Hundreds of years seems far too strong even if the only driver were Moore’s Law, which it isn’t. You also have:
Improvements in algorithms, data and software
Increased optimization for ML workloads on laptops for running local models for autocomplete, transcription, simple tasks etc
You also don’t need to get into actual ‘run on laptop’ range, even 2-3OOMs above that would allow you to train on things that would barely register as datacenters. 10-15 years seems more likely for training > current frontier models on not-really-a-datacenters especially if you want a buffer to account for the uncertainty that there could be discrete breakthroughs in training efficiency
If you can prevent algorithmic progress then I agree somewhat, though experiments to make this sort of progress should be doable on small volumes of compute so you’d need to suppress the research or publishing.
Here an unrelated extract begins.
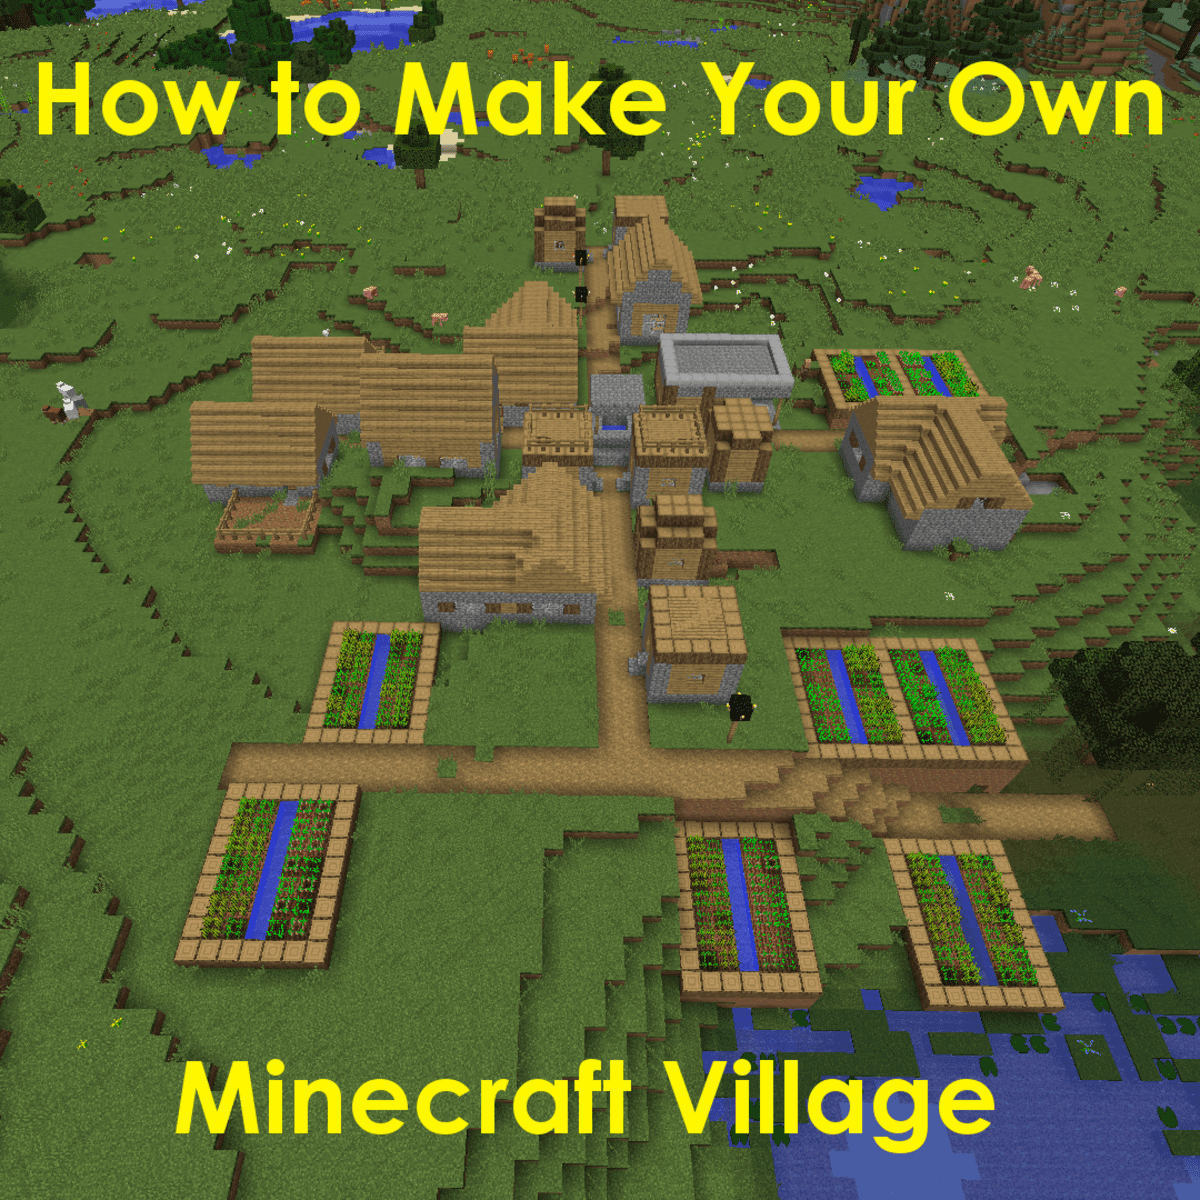 How To Make A Villager Farmer 1 16 - Farmer Foto Collections

I do think that not being able to acquire, say, $1M worth of matmul-adapted compute is a higher bar than you imply here. Being able to do large numbers of matmuls is an extremely useful property for like a zillion reasons beyond AI—iirc Google poured at least hundreds of millions into building TPUs based only on the projected demand for very simple NLP algorithms. LLM-optimized matmul machines are helpful but you can use anything if you’re willing to adapt your algorithms and software. I would expect rendering farm or basically any serious cluster at all in 15y to be able to train >current models.